In software development, risk reduction patterns might include restricting access to a system, abstractions to manage changes, approval workflows, automated acceptance testing, and pair programming. However, any strategy that hardens a system to make it less risky might also make it less flexible. A perfectly optimized system is often fragile because it has no built-in expectation of failure or redundancy: If something goes wrong, there’s little or no room for recovery. For example, if a subway system has exactly the capacity it needs to accommodate peak commuter traffic, a single out-of-service train can cause delays and overcrowding throughout the system. This is where harm mitigation comes in.
Harm mitigation patterns in software development include circuit breakers to remove problem processes or inputs, the isolation of suspect parts of a system, having many control points or breakpoints (such as on microservices), and the ability to rapidly roll back recently implemented changes. While adding more points of control to a system could also introduce more potential points of failure, it’s often a worthwhile trade-off to be able to isolate and diagnose a subset of the system without taking it all down.
One of the ways we express harm mitigation is with error budgets, as described in O’Reilly’s 2018 SRE Workbook. Systems reliability engineering accepts and anticipates that some parts of a system may fail and budgets for these failures. The teams running the system deliberately take parts offline to test responses, workarounds, and restoration.

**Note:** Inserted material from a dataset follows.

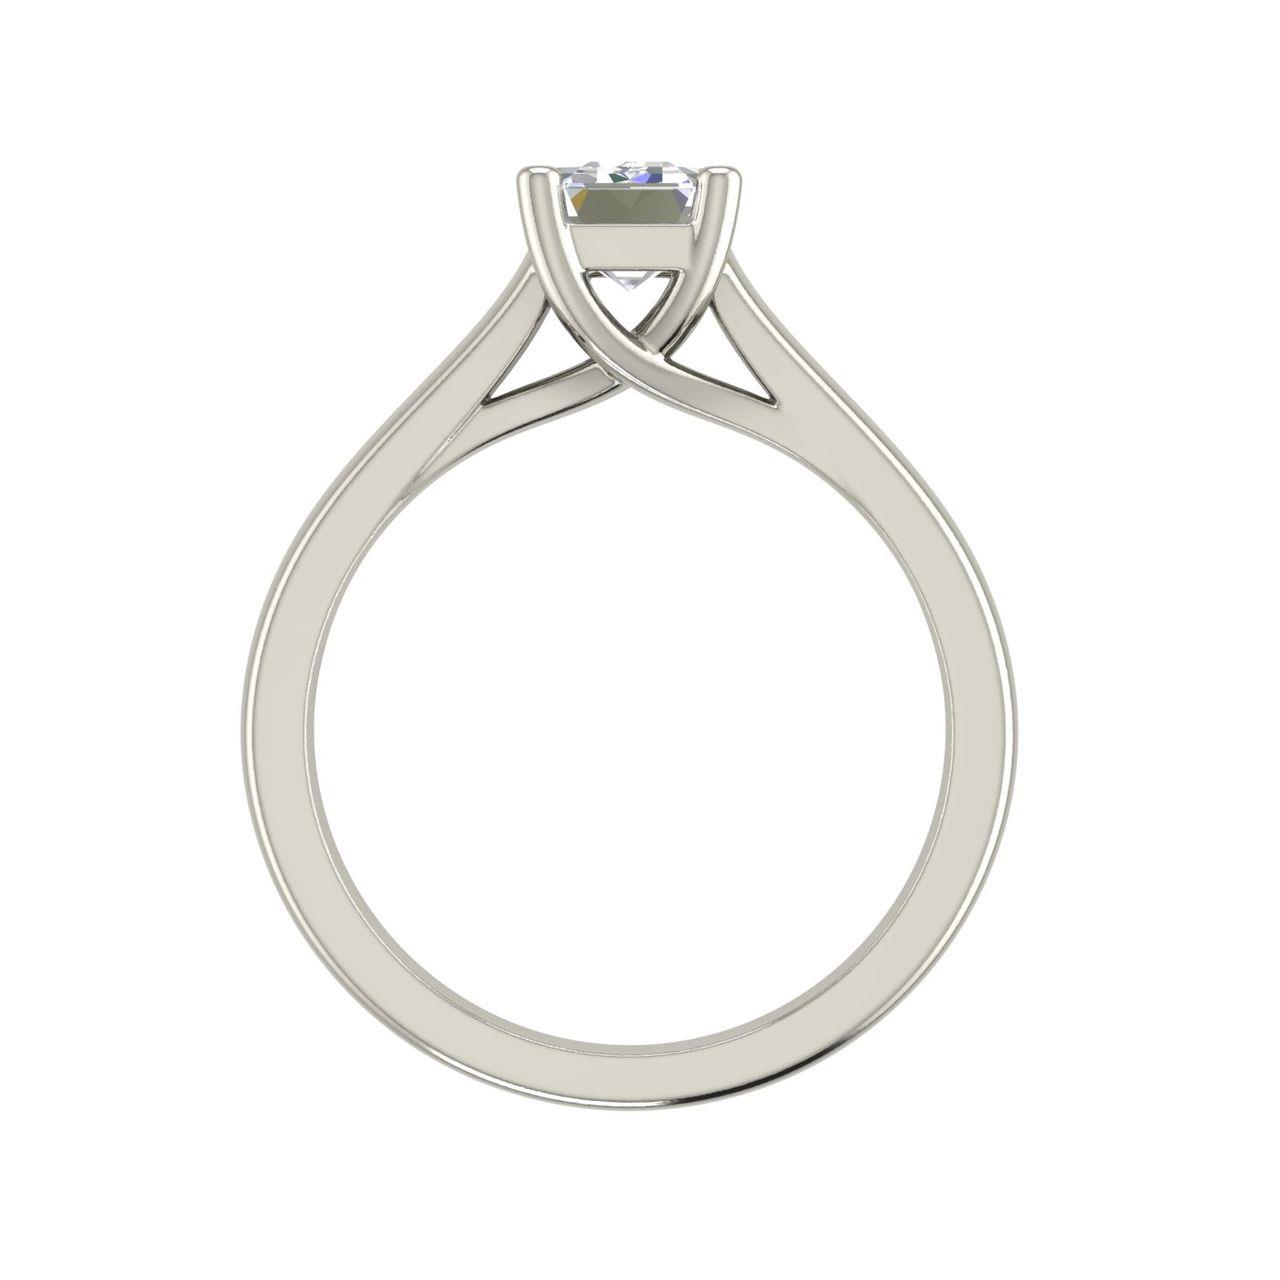 Trellis Solitaire 1 Ct Emerald Cut Diamond Engagement Ring
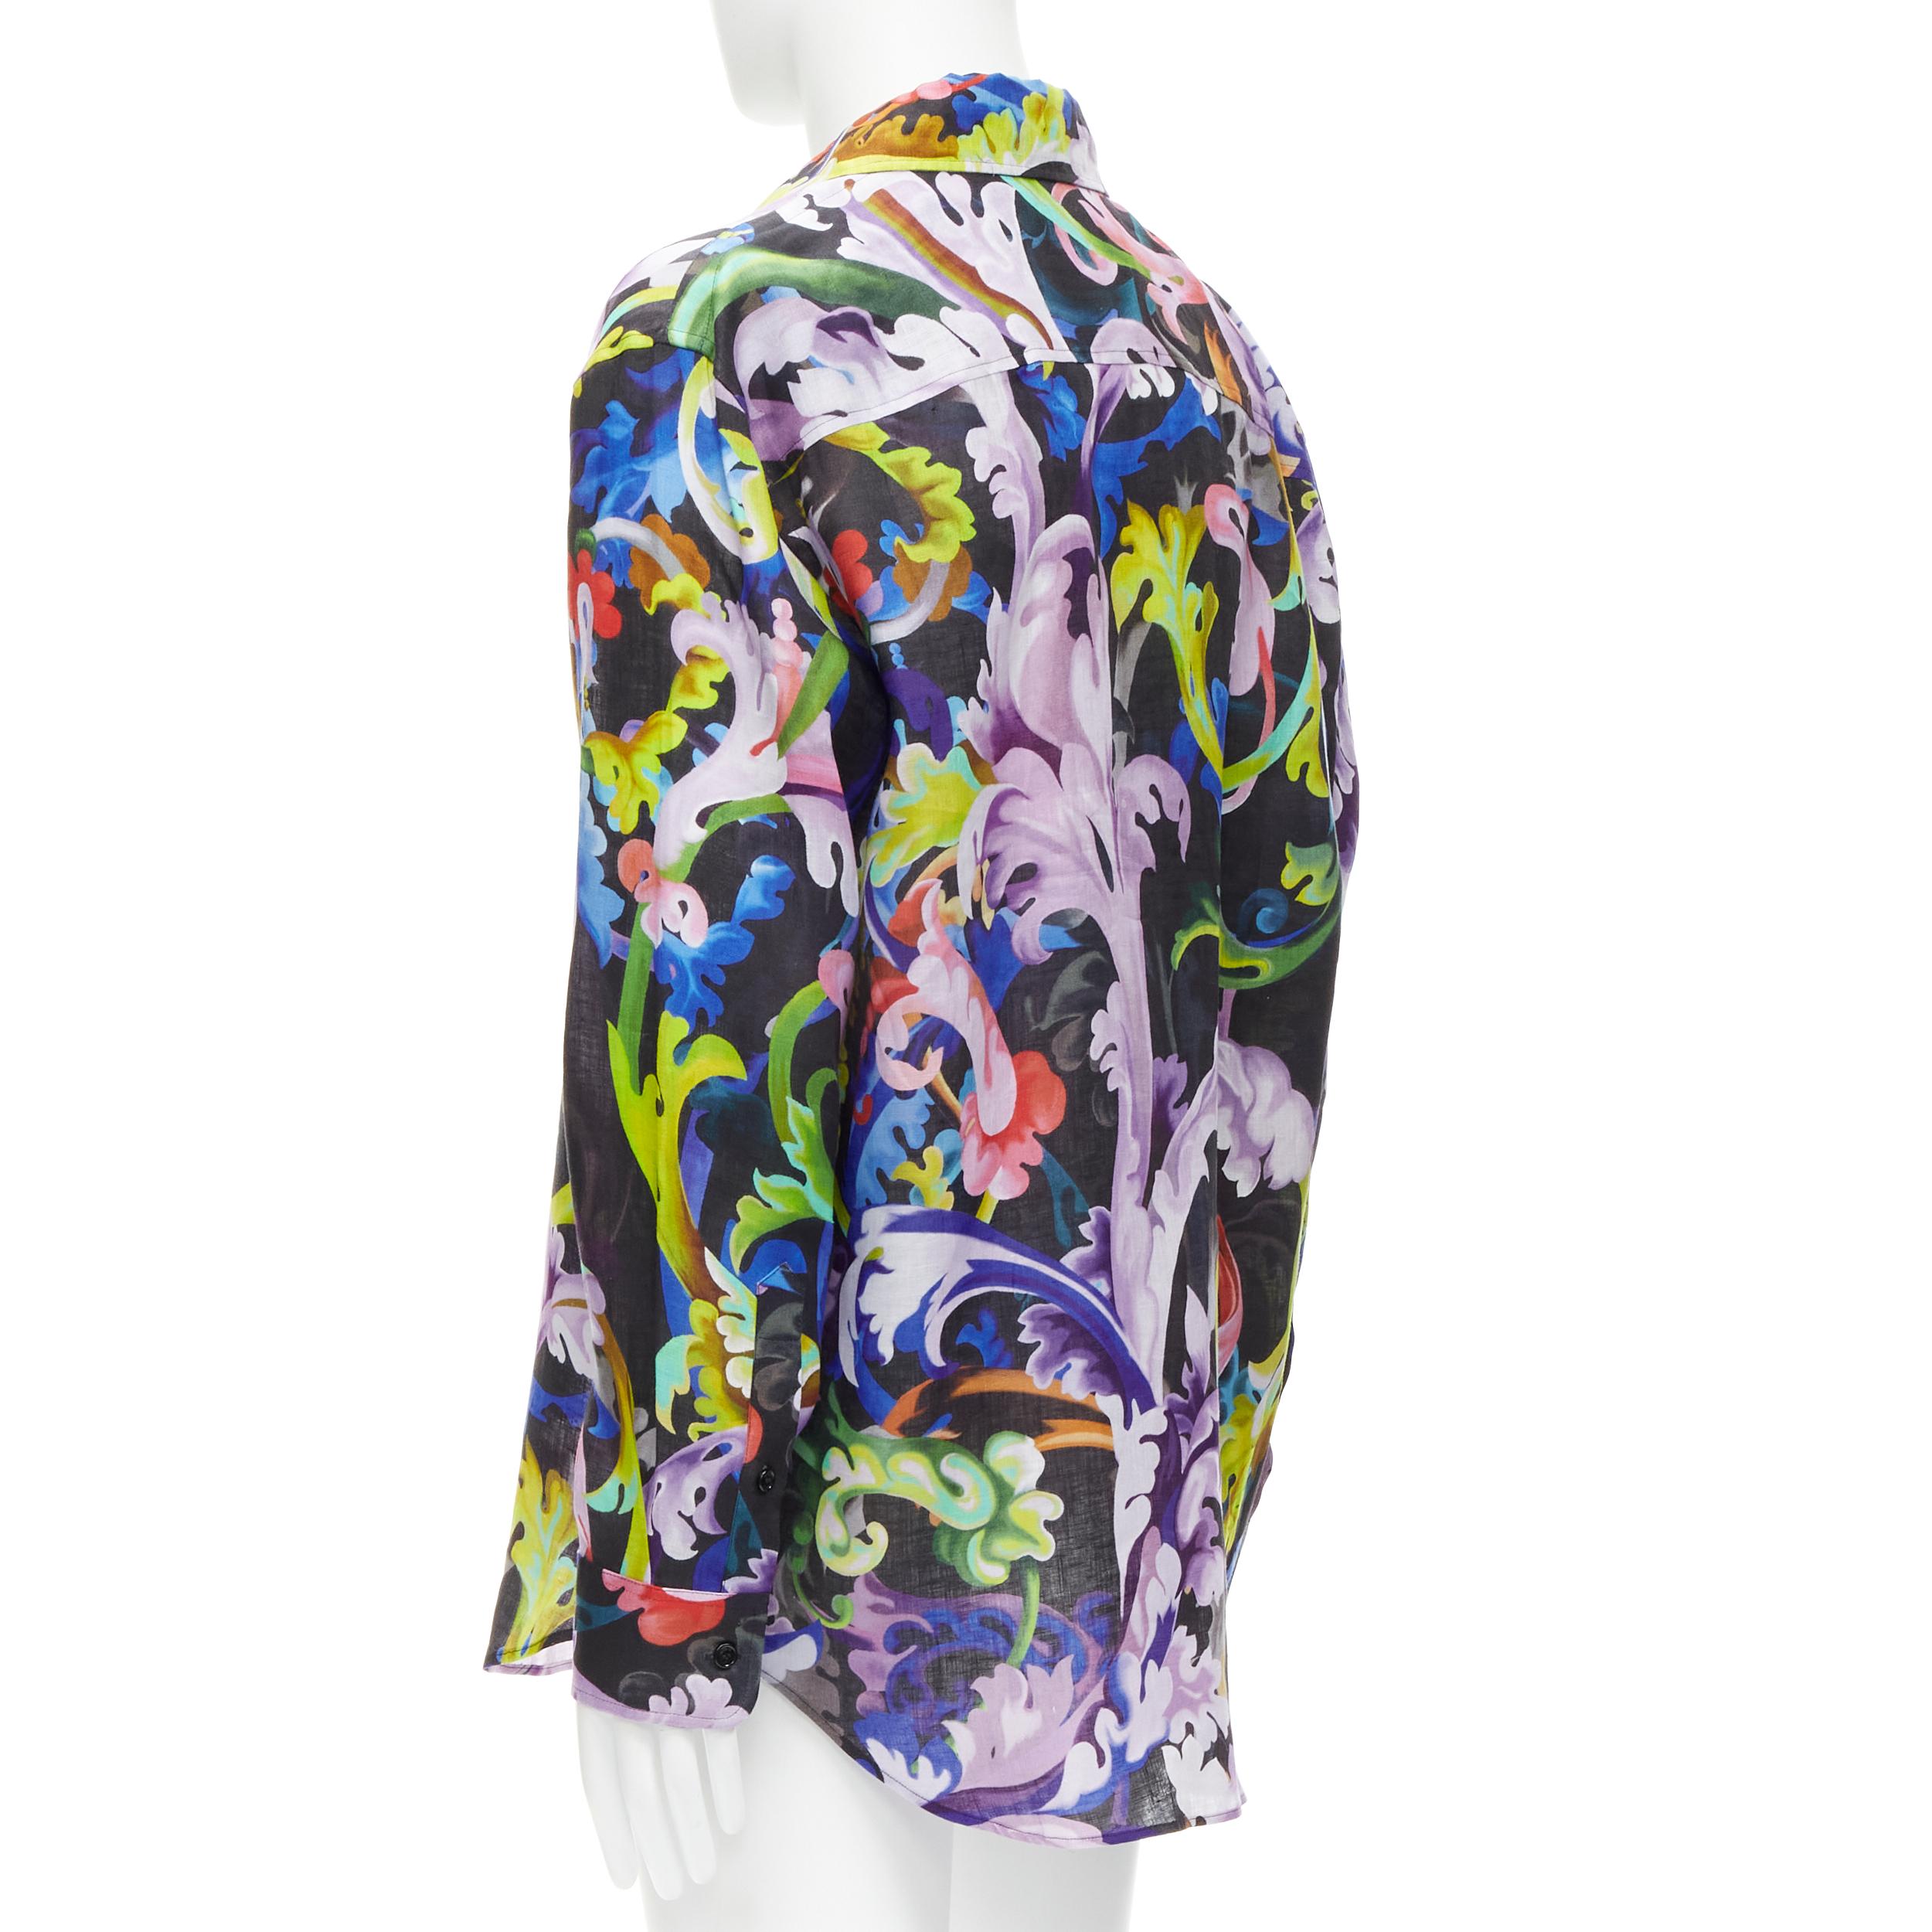 Men's new VERSACE 2021 Runway Baroccoflage colorful baroque floral linen shirt EU40 L For Sale

This “deliberate disaster” practice was popularized by Netflix and its Chaos Monkey tool, released in 2011, but organizations have used disaster recovery practices for much longer. When the practice is a regular part of an organization’s resilience response, it’s sometimes called chaos engineering. Practicing systems failure in real time not only teaches teams how to respond to known known–style failures, where everyone is aware of what’s offline, but also unknown or unpredicted failures, because the team has learned to work together to solve a problem and has practice resolving rapidly moving situations.
Preparing for disasters with multiple layers of safety protection is sometimes known as the Swiss cheese model. Each layer of preparation, prevention, and mitigation is insufficient by itself—but, when stacked together, they can provide good-enough protection from worst-case scenarios.
Accept imperfection, within limits
The more complex the system, the more likely it is that some part of it is broken. As engineers, we’re at the apex of literally millions of hours of design and engineering time to help us, and our users, with everything from finding our phone to continuously integrating our code. We have to assume that some of that infrastructure, and some of our work, is broken.
If we accept these imperfections, we can work toward building resilient systems that can handle a little static and deal with flawed foundations without falling over. We don’t stop working toward perfection just because it’s impossible.
1 Dr. Richard Cook touches on these concepts in the first part of his famed 1998 treatise How Complex Systems Fail, in which he observes medical errors and the systems that cause them. The theory applies to all sorts of complex systems, especially software.
2 Ruby on Rails creator David Heinemeier Hansson expands on this point in “FIXME,” his keynote talk at RailsConf 2018.